Güncel |
‘Genç nüfus’umuz tehdit altında |
Hacettepe Üniversitenin yaptığı araştırma, Türkiye’nin nüfusunun bu yüzyıl ortalarında yüz milyonun altında kalarak durağanlaşacağını ortaya koydu. Araştırma, nüfus artış hızı giderek azalan Türkiye’nin, orta vadede genç ve dinamik olma özelliğinin ortadan kalkacağını öngörüyor. Nüfusumuz tehdit altında Hacettepe Üniversite’nin yaptığı araştırma, Türkiye’nin nüfusunun bu yüzyıl ortalarında yüz milyonun altında kalarak durağanlaşacağını ortaya koydu. Araştırma, nüfus artış hızı giderek azalan Türkiye’nin, orta vadede genç ve dinamik olma özelliğinin ortadan kalkacağını öngörüyor. Hacettepe Üniversitesi Nüfus Etütleri Enstitüsü tarafından, 2008 yılında yapılan Sağlık Bakanlığı Ana Çocuk Sağlığı ve Aile Planlaması Genel Müdürlüğü ve Başbakanlık Devlet Planlama Teşkilâtı Müsteşarlığı ve TÜBİTAK’ın Kamu Araştırmaları Grubu’nun (KAMAG) katkılarıyla yürüttüğü ‘’Türkiye’de Nüfusa İlişkin Göstergeler’’ başlıklı araştırmanın sonuç raporu, geçen ay tamamlandı. rapordan derlenen bilgilere göre, araştırma, başka veri kaynaklarından sürekli, doğru ve ayrıntılı bir biçimde elde edilemeyen Türkiye’deki doğurganlık, aile planlaması ve ana ve çocuk sağlığı konularında bilgi sağlamak üzere yürütüldü. Araştırma kapsamında 10 bin 525 hanehalkı, 7 bin 405 kadın ile görüşüldü. Araştırma, örnekleme planı araştırmacılara klasik kent-kır ve beş bölge ayrımının ötesinde bazı göstergeler için 12 alt-bölgeya ait analiz yapma imkânı sunuyor.

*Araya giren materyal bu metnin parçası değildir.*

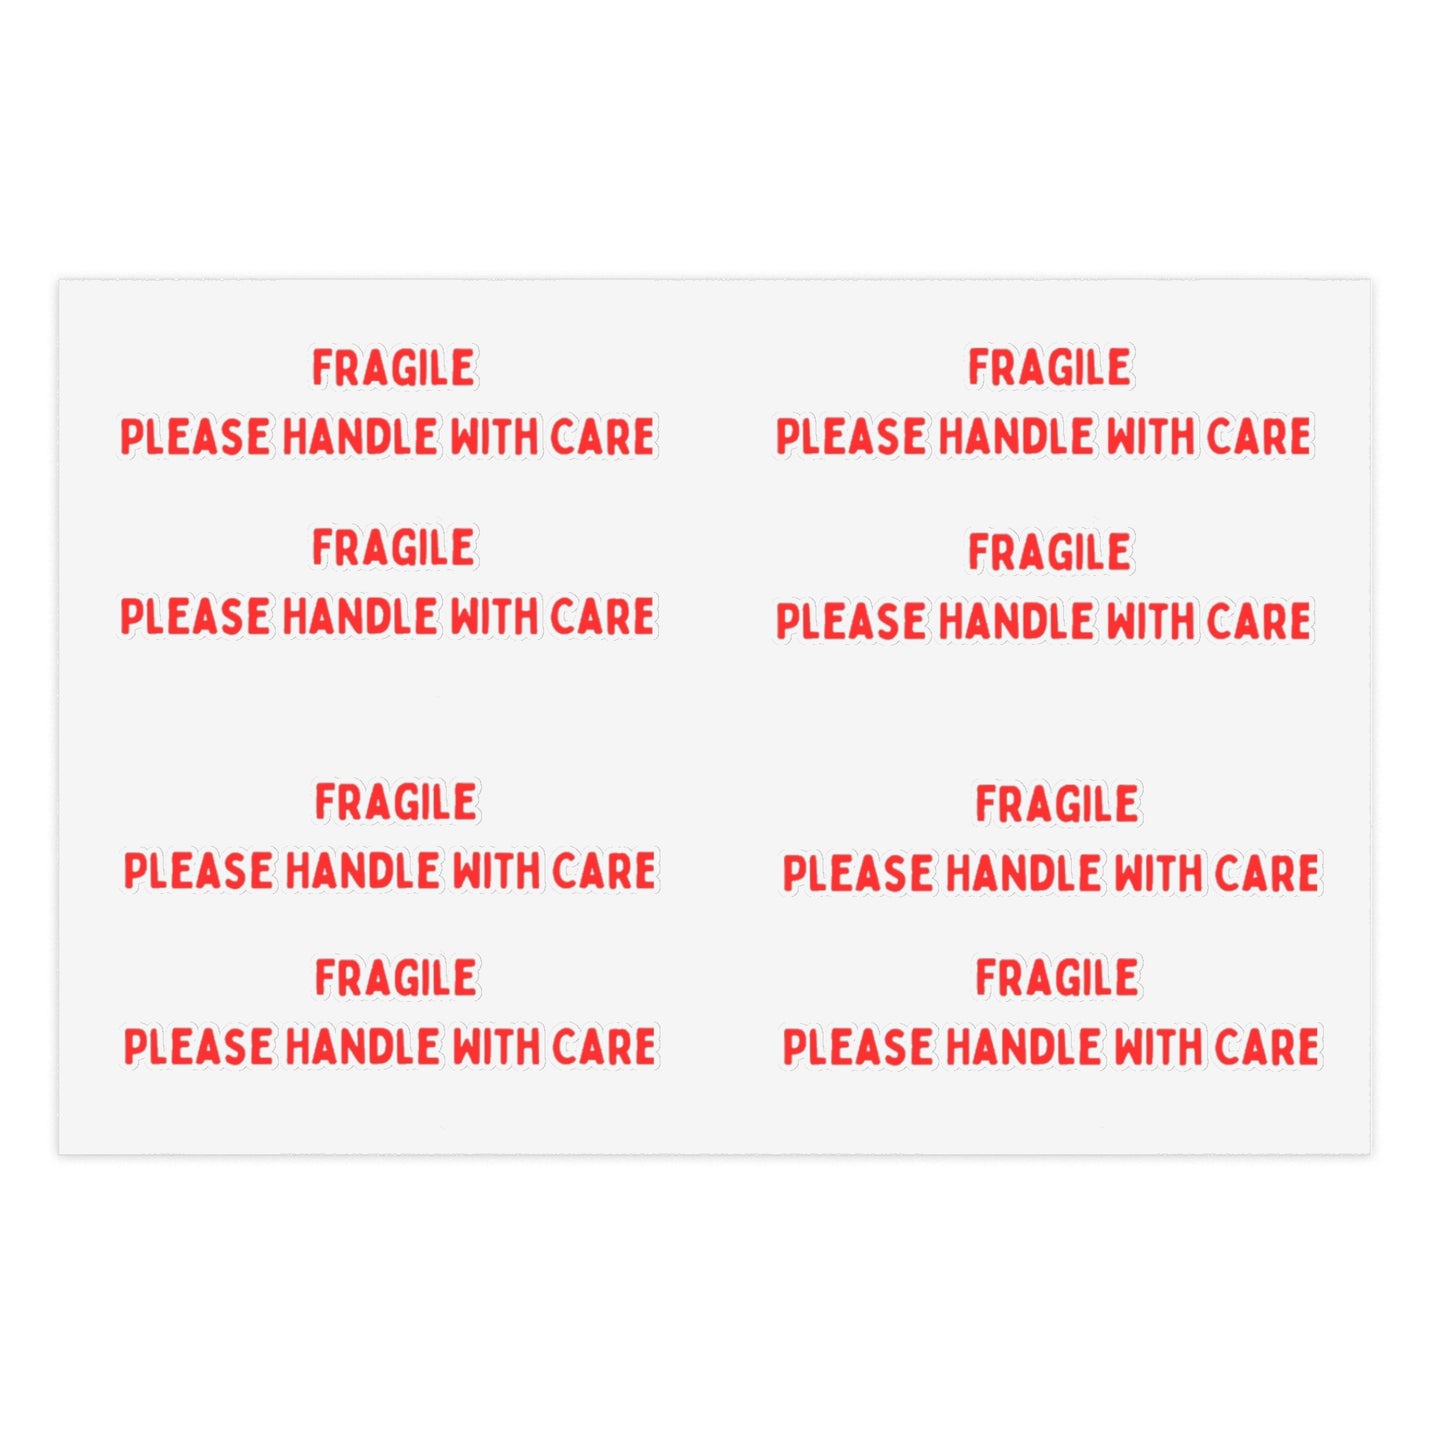 Fragile Sticker Sheets (8 stickers per 11x8.5 sheet)

“DOĞURGANLIK AZALIYOR” Araştırma sonuçları, kadınların doğurganlık çağlarının sonunda ortalama olarak 2.2 çocuğa sahip olduklarını gösterdi. En yüksek doğurganlık hızı sırası ile 20-24 ve 25-29 yaş gruplarında yaşanıyor. En yüksek doğurganlık hızı Doğu Anadolu’da (3.3), en düşük doğurganlık hızı ise kadın başına 1.9 doğum ile Batı, Orta ve Kuzey Anadolu’da görülüyor. Araştırma sonuçları, doğurganlık düzeyi sadece Batı Anadolu değil, Orta ve Kuzey Anadolu’da da yenilenme düzeyi olan kadın başına 2.1 çocuğun altına düştüğünü gösteriyor. Araştırma, 1970’li yıllarda yaklaşık 5 çocuk sahibi olan kadınların, günümüzde 2 çocuk sahibi olmalarını ortaya koyarken, doğurganlık düzeyindeki önemli azalma dikkati çekiyor. Raporda, cumhuriyetin ilanında 13 milyon olan Türkiye nüfusu, 1950’li yılların sonunda 2 katına ulaştığı, 1985’de 50 milyonu aşan ülke nüfusun, 2000 nüfus sayımı sonuçlarına göre 67,8 milyona ulaştığı, günümüzde ise, Türkiye nüfusunun 71.8 milyon olduğunun tahmin edildiği bilgileri yer aldı.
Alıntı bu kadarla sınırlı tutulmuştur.